A new year and a new rationale from George W. Bush for a large across-the-board tax cut that will disproportionately benefit the wealthy. I'm not surprised. After all, such a tax cut is a core goal of conservative GOP ideology, regardless of implications for the federal budget and the economy's performance.

Last year, when the economy was booming, then-candidate Bush advocated his $1.3 trillion tax cut on philosophical grounds. He warned Americans that "you can't trust Washington with your money." He failed to mention that Washington's debt was also the people's debt and that Washington's spending finances such popular programs as Medicare and Social Security.

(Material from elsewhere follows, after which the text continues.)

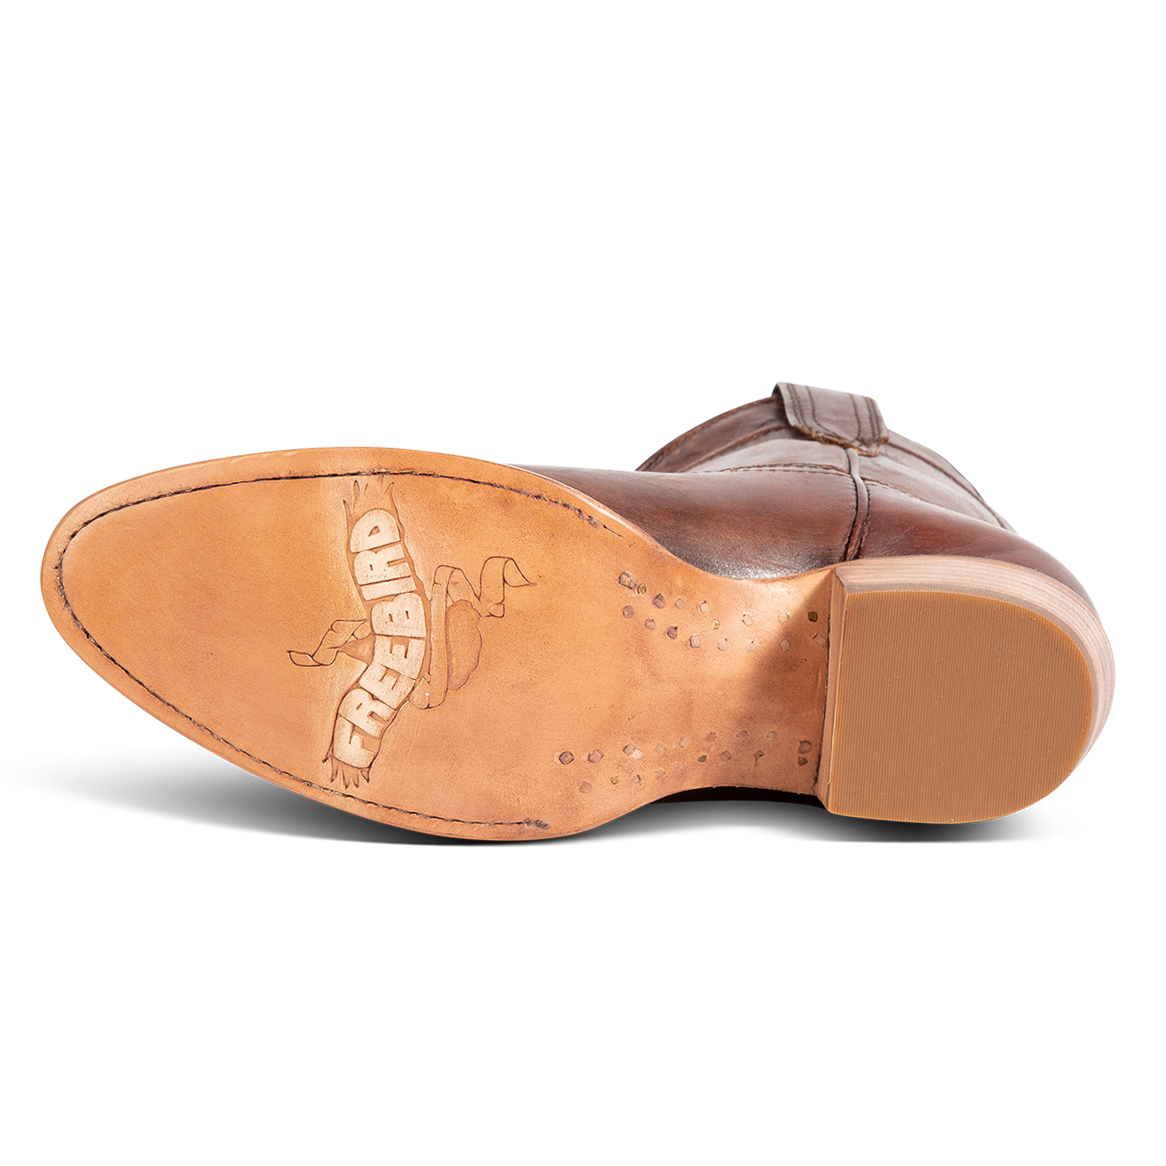 Leather sole imprinted with FREEBIRD on women's Zamora cognac leather bootie

As Bush prepares to take over the Presidency, he has understandably and predictably dropped his anti-Washington rhetoric. Fortuitously, the slowing economy has provided a new argument for cutting taxes. In recent weeks, slipping into a Keynesian rhapsody, he has championed his tax plan as insurance against a downturn, even though his campaign advisers had maintained that the same tax plan would not boost aggregate demand. There's an inconsistency here, since Keynesian logic works in both directions.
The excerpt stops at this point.